The Office Space Myth

During the first weekend of the Humanities Without Walls pre-doctoral workshop, I caught the last half of Office Space on television. The fear of becoming a corporate drone is one many academics likely identify with. But the choice is not between Initech and academia. (Even if it were a choice between only those two options, academia has its own litany of issues — just check out the academic equivalent of Office Space, Tenure).

One of the most important things that the HWW workshop achieved was demonstrating the wide array of culturally and intellectually vibrant positions accessible to doctoral students. The organizers’ focus on “Public Humanities” (which emphasizes being a humanist in the world regardless of career) over “Alt-Ac” (“Alternative” academic careers imply a secondary status and suggest a preference for “regular” academic careers if they were accessible/available) demonstrated an openness that academic settings rarely achieve.
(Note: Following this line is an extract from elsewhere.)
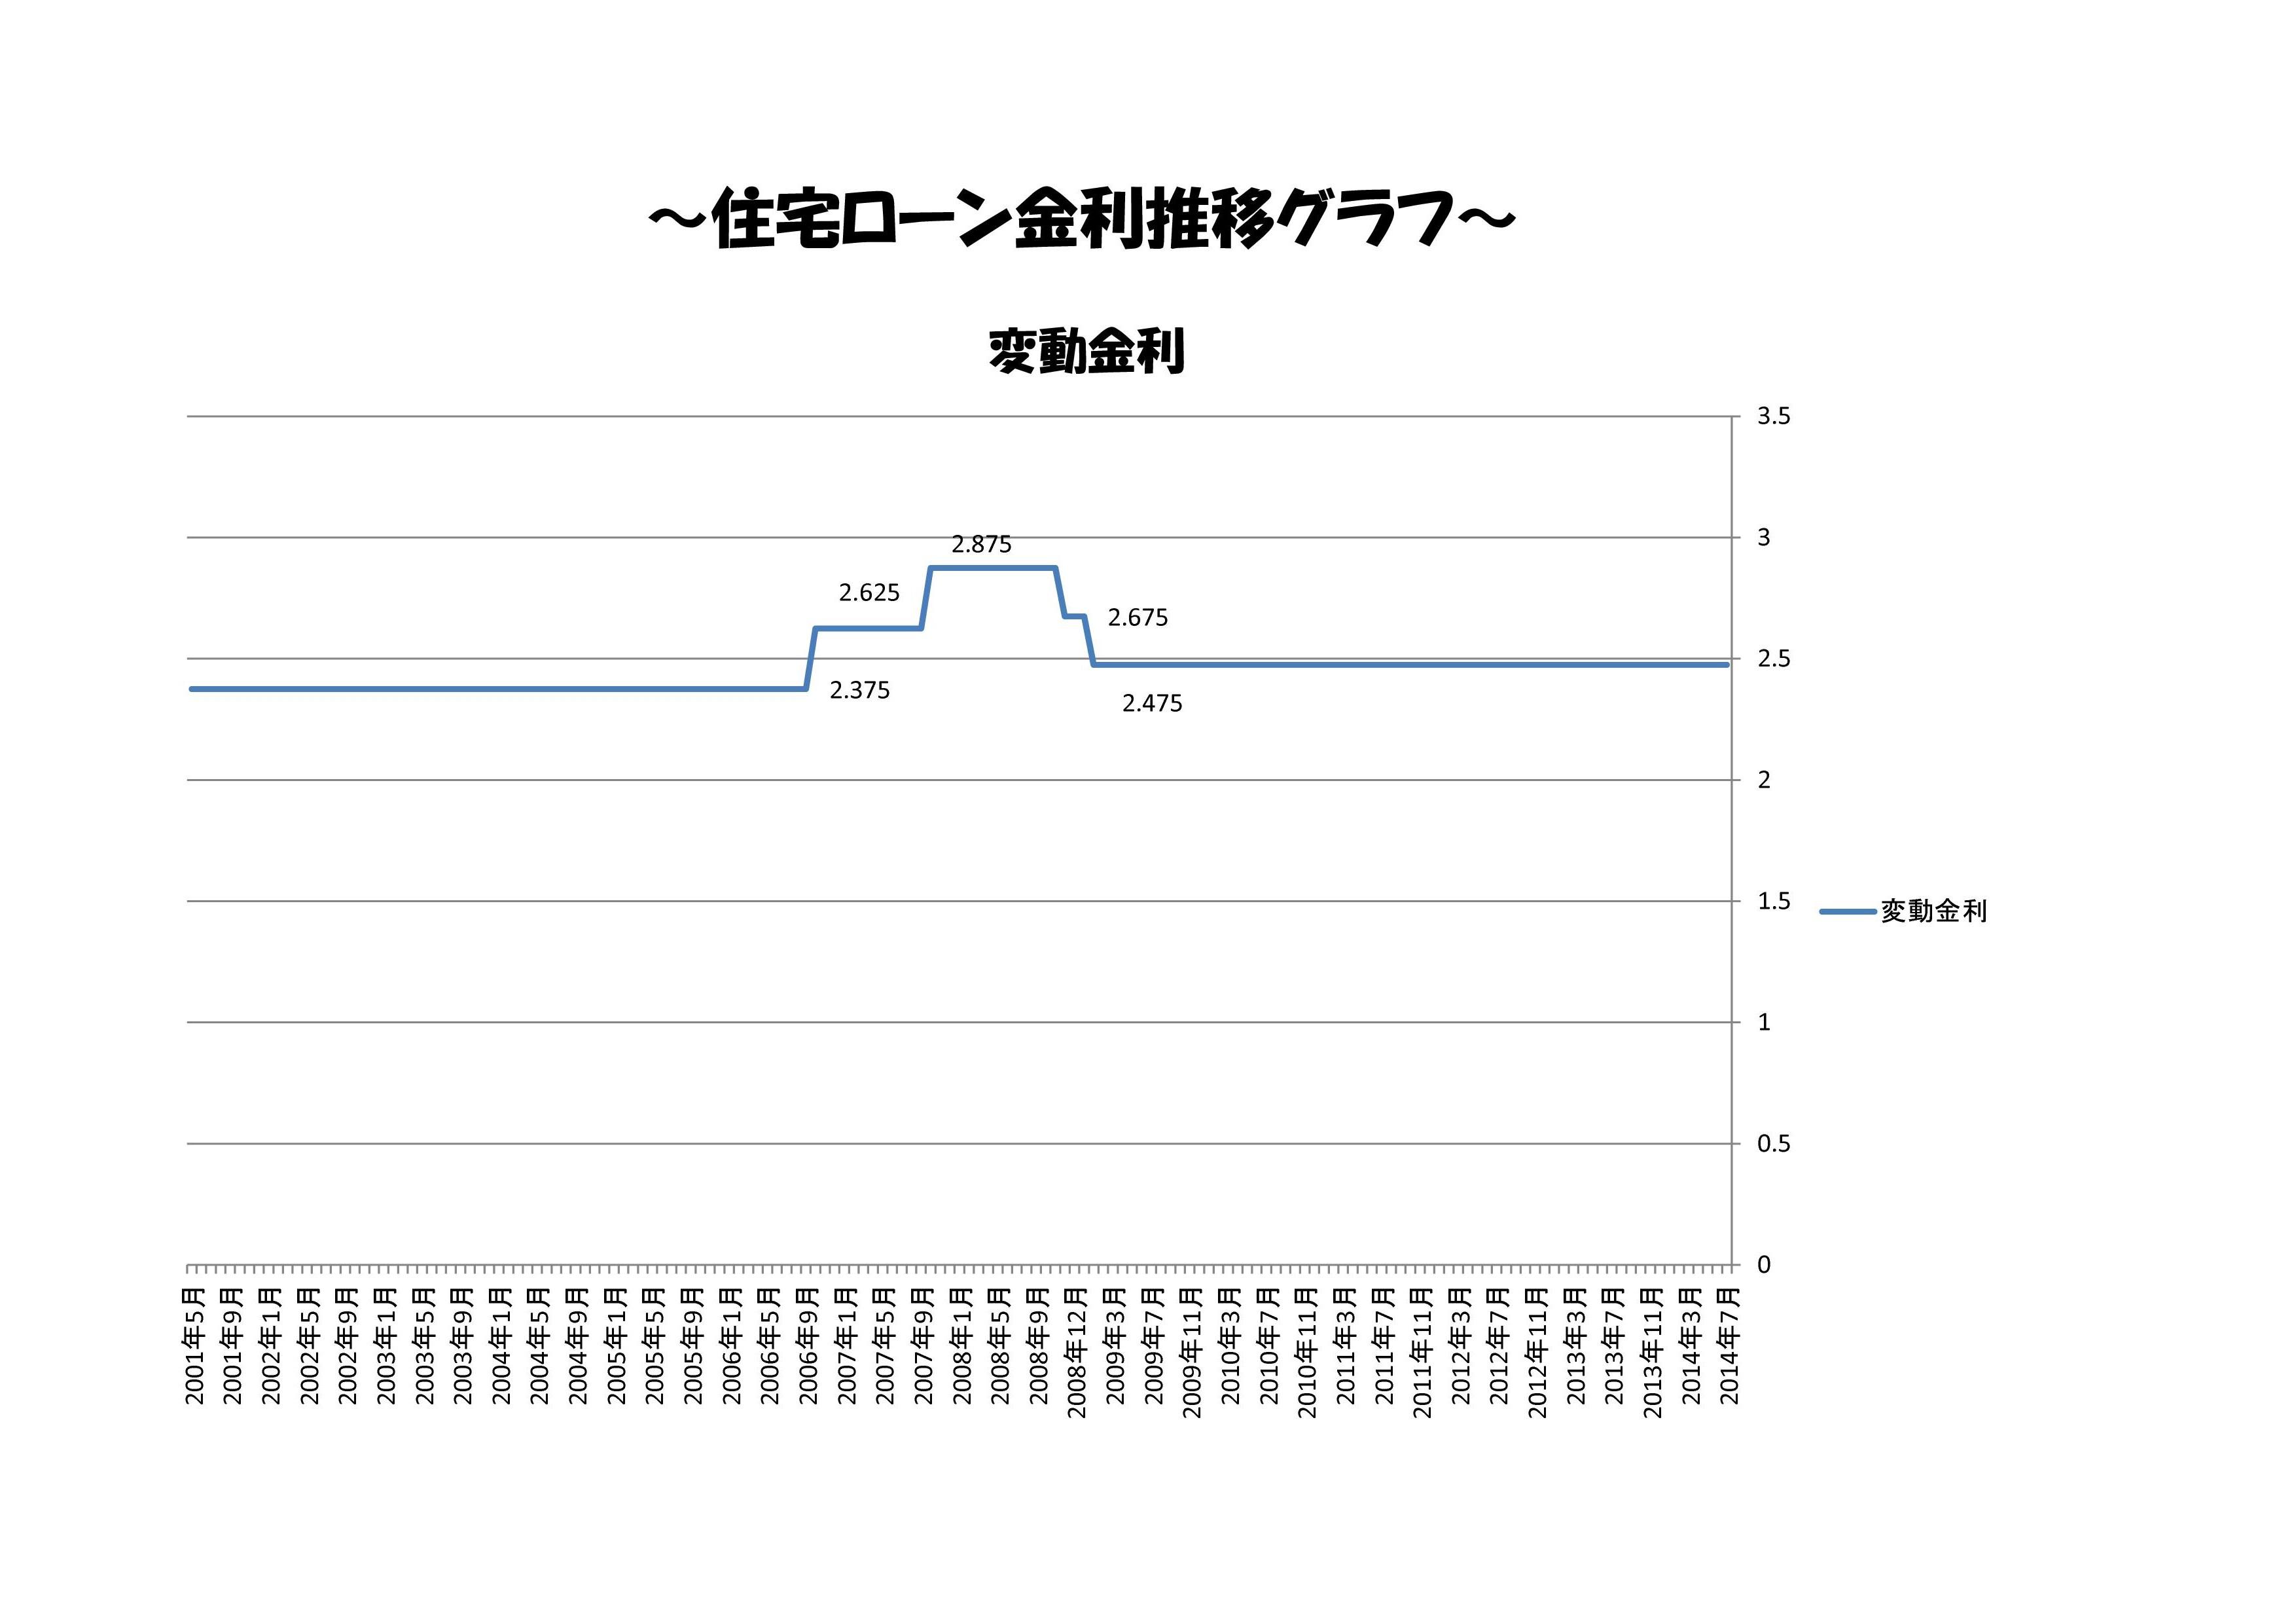 住宅ローン金利 推移-001
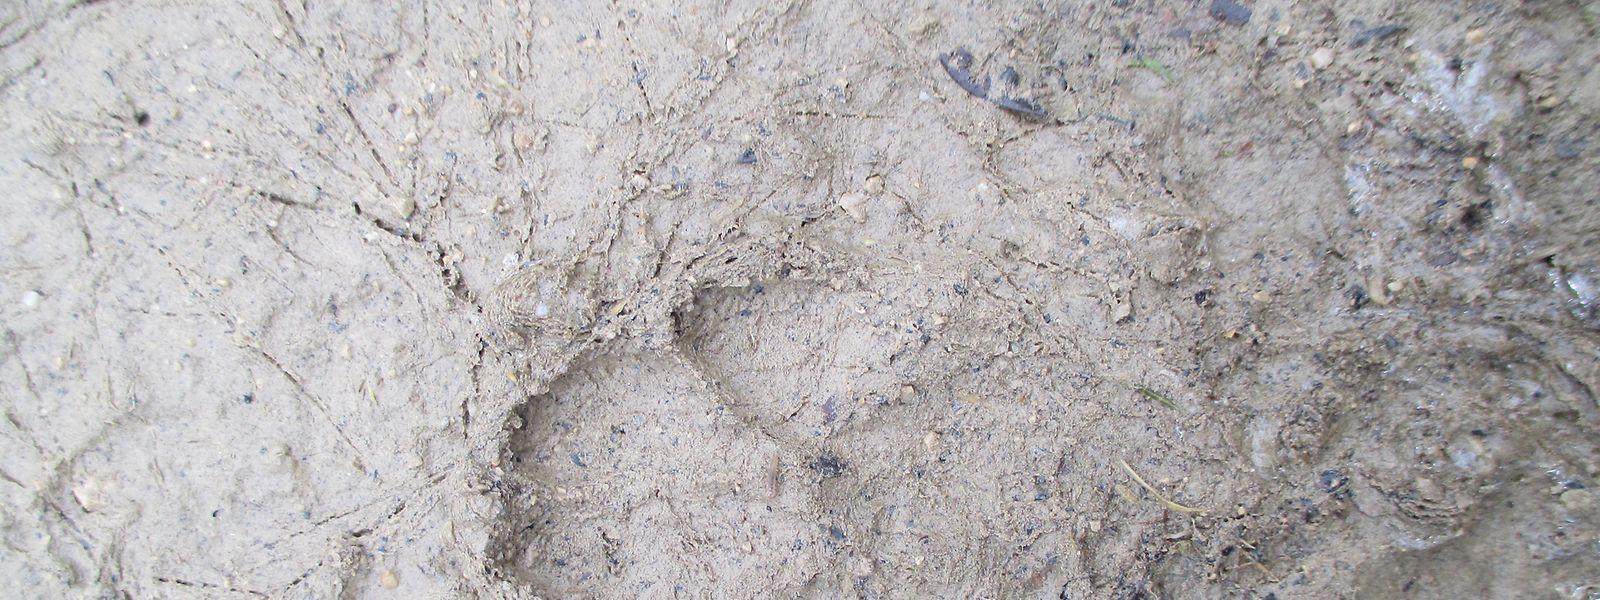 Wenn der Waldboden so matschig ist wie jetzt, könnten vielleicht Trittspuren zu sehen sein.

I felt this openness throughout the workshop as organizers, participants, and presenters spoke frankly, building a wonderful sense of camaraderie.

Not pursuing a traditional academic position does not mean I’m “leaving” anything. I choose to have a fulfilling life and challenging work. I retain my right to be a historian and a humanist. My abilities and intelligence are not defined by the academic job market. I reject the (broken) system of academia.

One response to “The Office Space Myth”

  1. This Thursday, we celebrate Jim Henson’s birthday. He said: “Follow your enthusiasm. It’s something I’ve always believed in. Find those parts of your life you enjoy the most. Do what you enjoy doing.”